Recontextualization and Reinterpretation

My most current artist statement reads:

“In my After the Apocalypse: My Grandmother was a Landscape series, discarded and forgotten objects are reconfigured, braiding themes of memory, place, and identity; encouraging a shift in perspective. I am fascinated by the way objects can connect people to memories, transporting the viewer to other places and times. My process disguises the original form and purpose of objects in an attempt to bring forward new narratives or invoke emotional responses. When the objects are taken out of context and combined with other objects, I find the juxtaposed and intertwined pieces then move beyond familiar descriptions and stories about the individual parts and through interpolation and the imposition of personal emotions become something new, free of history and memory and full of suggestion and potential. Recontextualization offers up a narrative of renewal. I often use the language of conjuration when I make these peculiar fetishes. They feel like counter spells as I tried to make something meaningful or beautiful out of the shards of a broken and fragmented pasts. This work for me is about how we experience objects and hold memories but also about the lifting of burdens and the promise of something new during challenging times.”

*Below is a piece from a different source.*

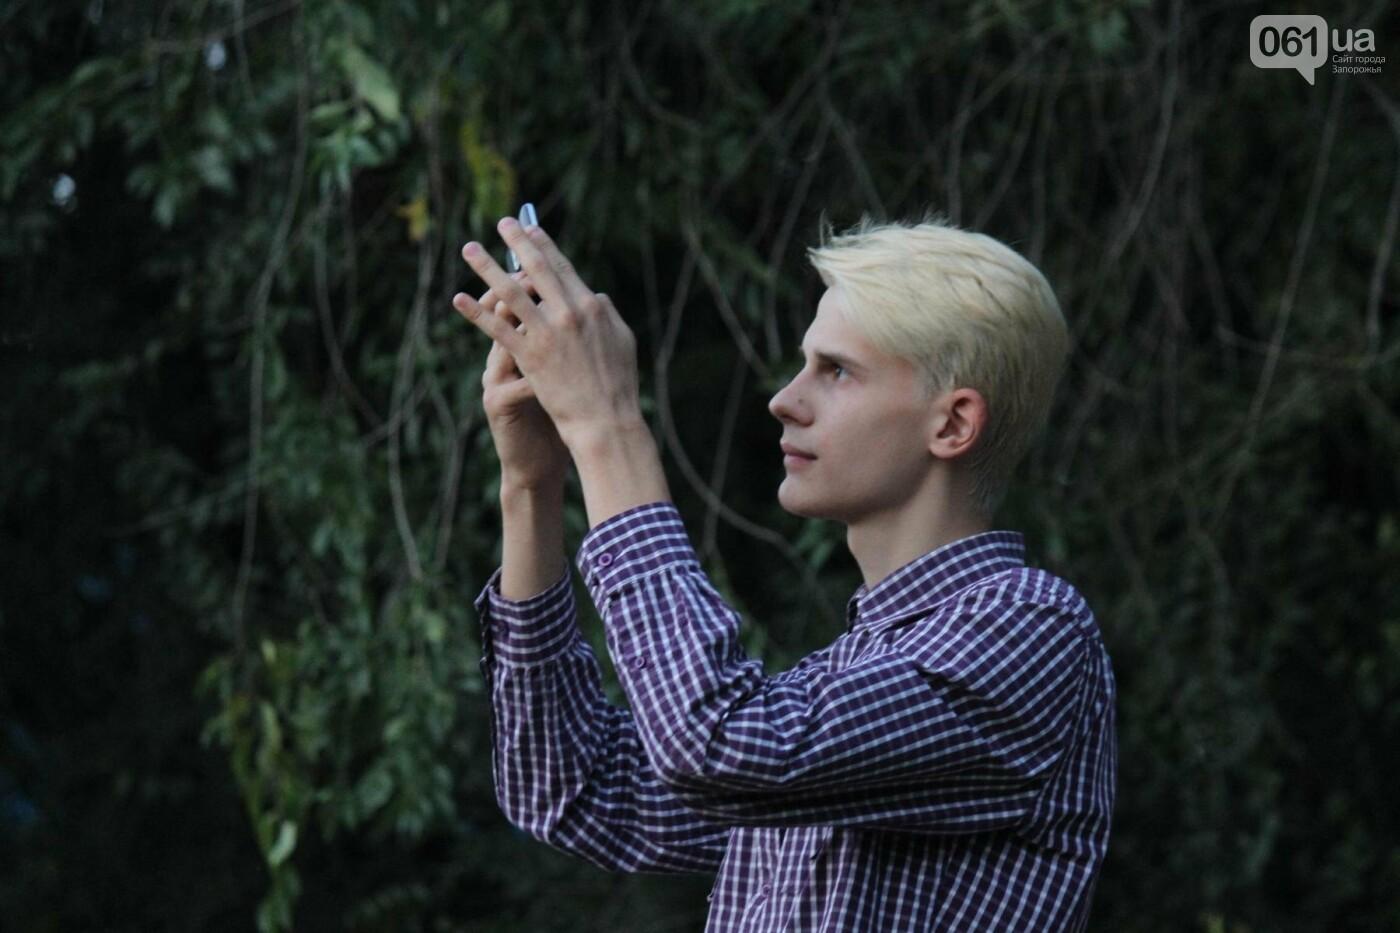 Найди себя: 50 портретов посетителей фестиваля Khortytsia Freedom, – ФОТОРЕПОРТАЖ, фото-39

This is how I am approaching my studio project. Like the damaged objects I glean from the creek behind my house and combine with other objects to create new assemblage pieces that offer up narratives of reinvention and promise, I am working to find ways to reinvent, reinterpret and recontextualize the Ghost House. There will be a little reinforcement too to strengthen the bones of the old cottage. My After the Apocalypse work continues and this time on a grander scale.


It’s a shame I can’t rebuild this house with cardboard and papier mâché and grass cordage or I’d already be on my way to creating something new!